Hevea pauciflora

Scientific classification
- Kingdom: Plantae
- Clade: Tracheophytes
- Clade: Angiosperms
- Clade: Eudicots
- Clade: Rosids
- Order: Malpighiales
- Family: Euphorbiaceae
- Genus: Hevea
- Species: H. pauciflora
- Binomial name: Hevea pauciflora (Spruce ex Benth.) Müll.Arg.

= Hevea pauciflora =

- Genus: Hevea
- Species: pauciflora
- Authority: (Spruce ex Benth.) Müll.Arg.

Species of tree

Hevea pauciflora is a species of rubber tree in the genus Hevea, belonging to the family Euphorbiaceae. It is native to the rainforests of Venezuela, the Guyanas, northern Brazil, Colombia and Peru. It grows on slopes and high river banks where it is not seasonally inundated.

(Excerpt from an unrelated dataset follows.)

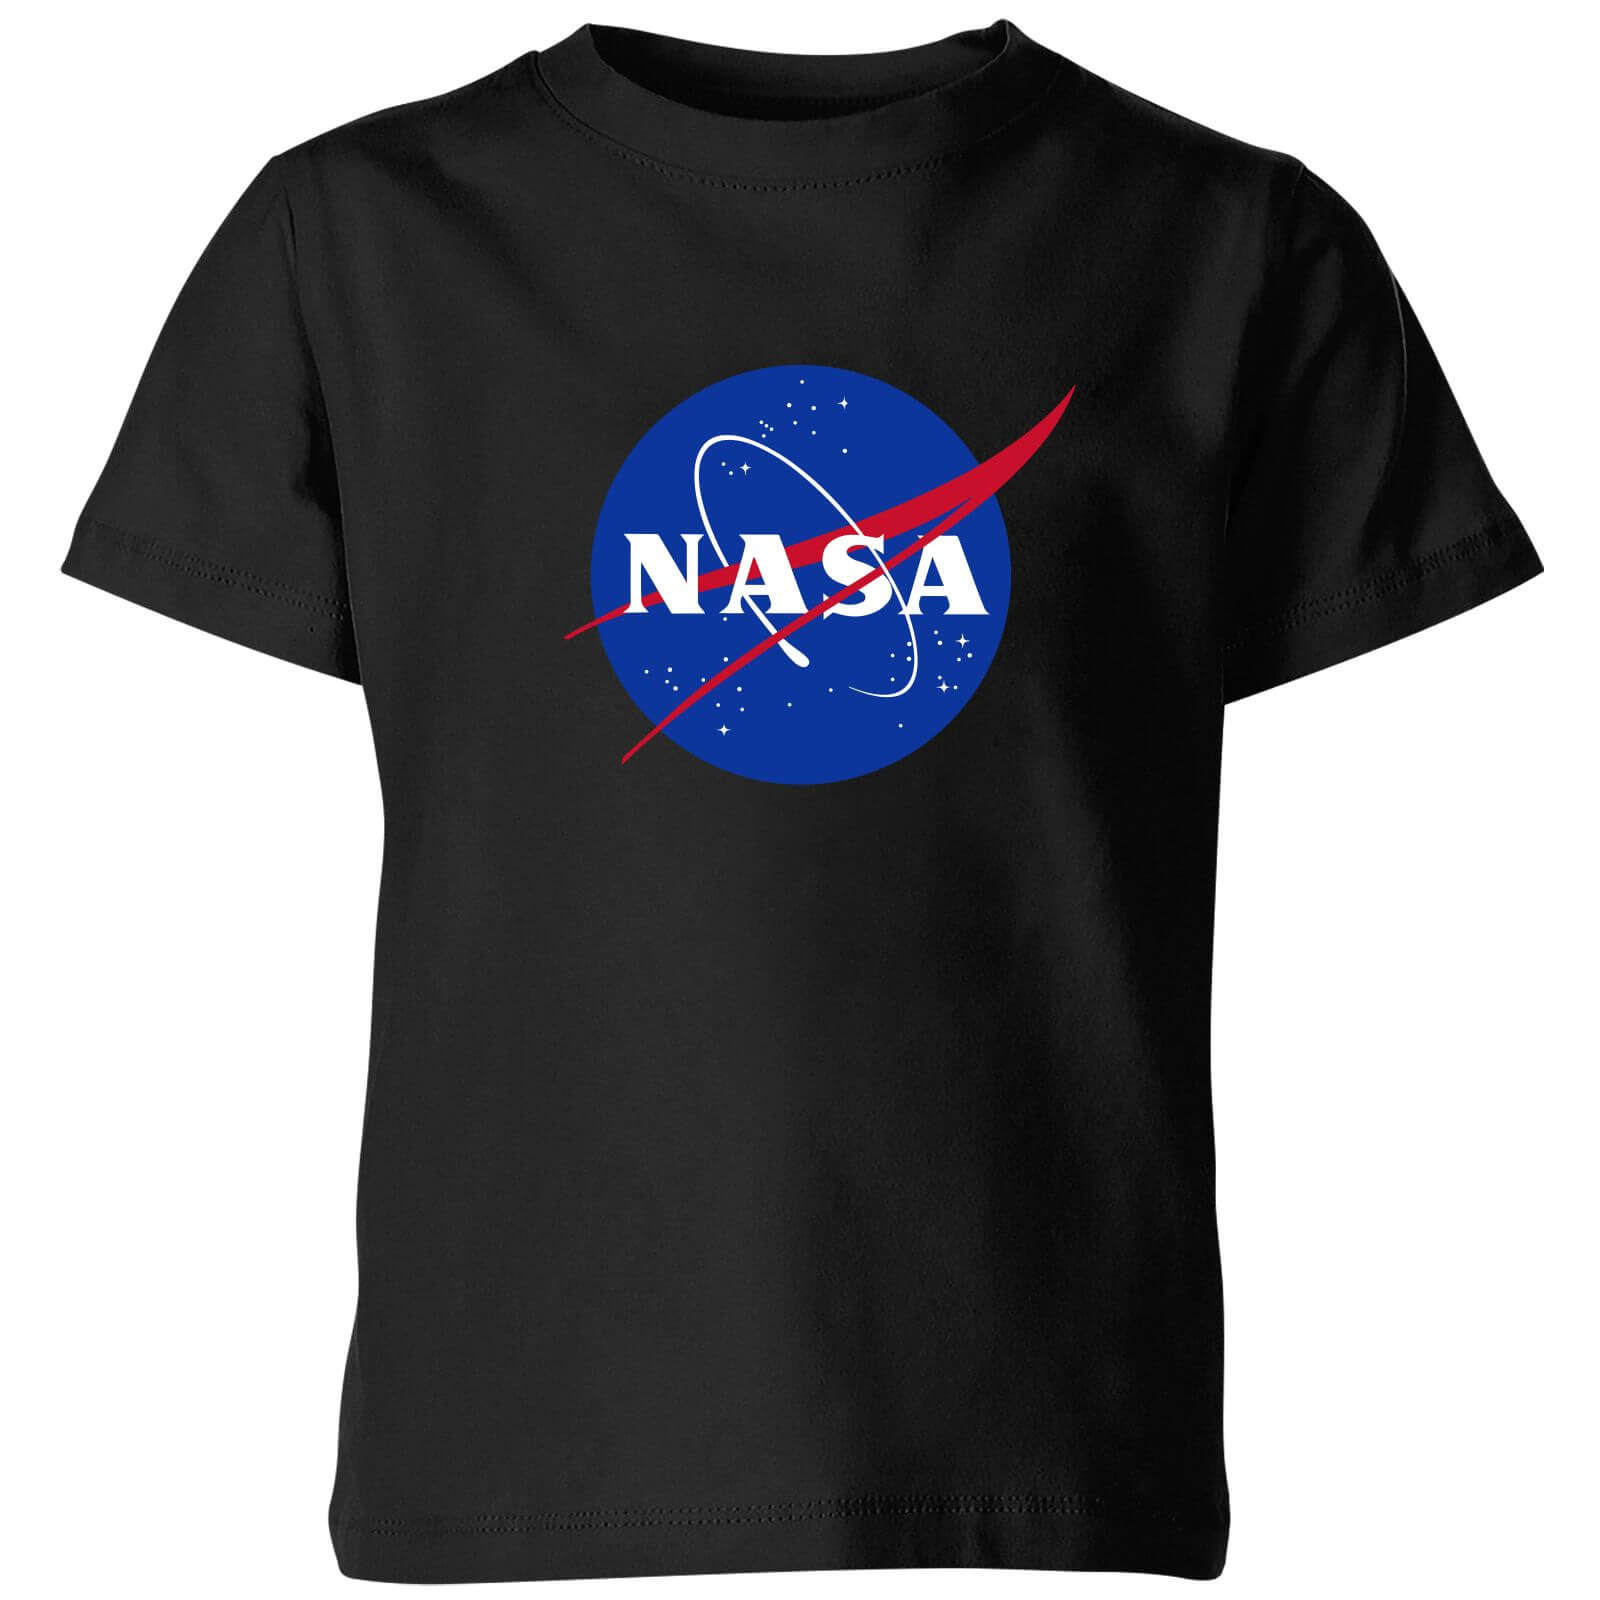 NASA Logo Insignia Kids' T-Shirt - Black - 9-10 Years - Black

H. pauciflora is a small evergreen tree growing to a height of about 18 m.
The specific epithet pauciflora is Latin for 'few-flowered'.
It is sometimes tapped for rubber production but the latex is low in quality, being mixed with much resin. This tree has been used in breeding programmes, for example in Malaysia, to increase the disease resistance and improve the growth qualities of Hevea brasiliensis.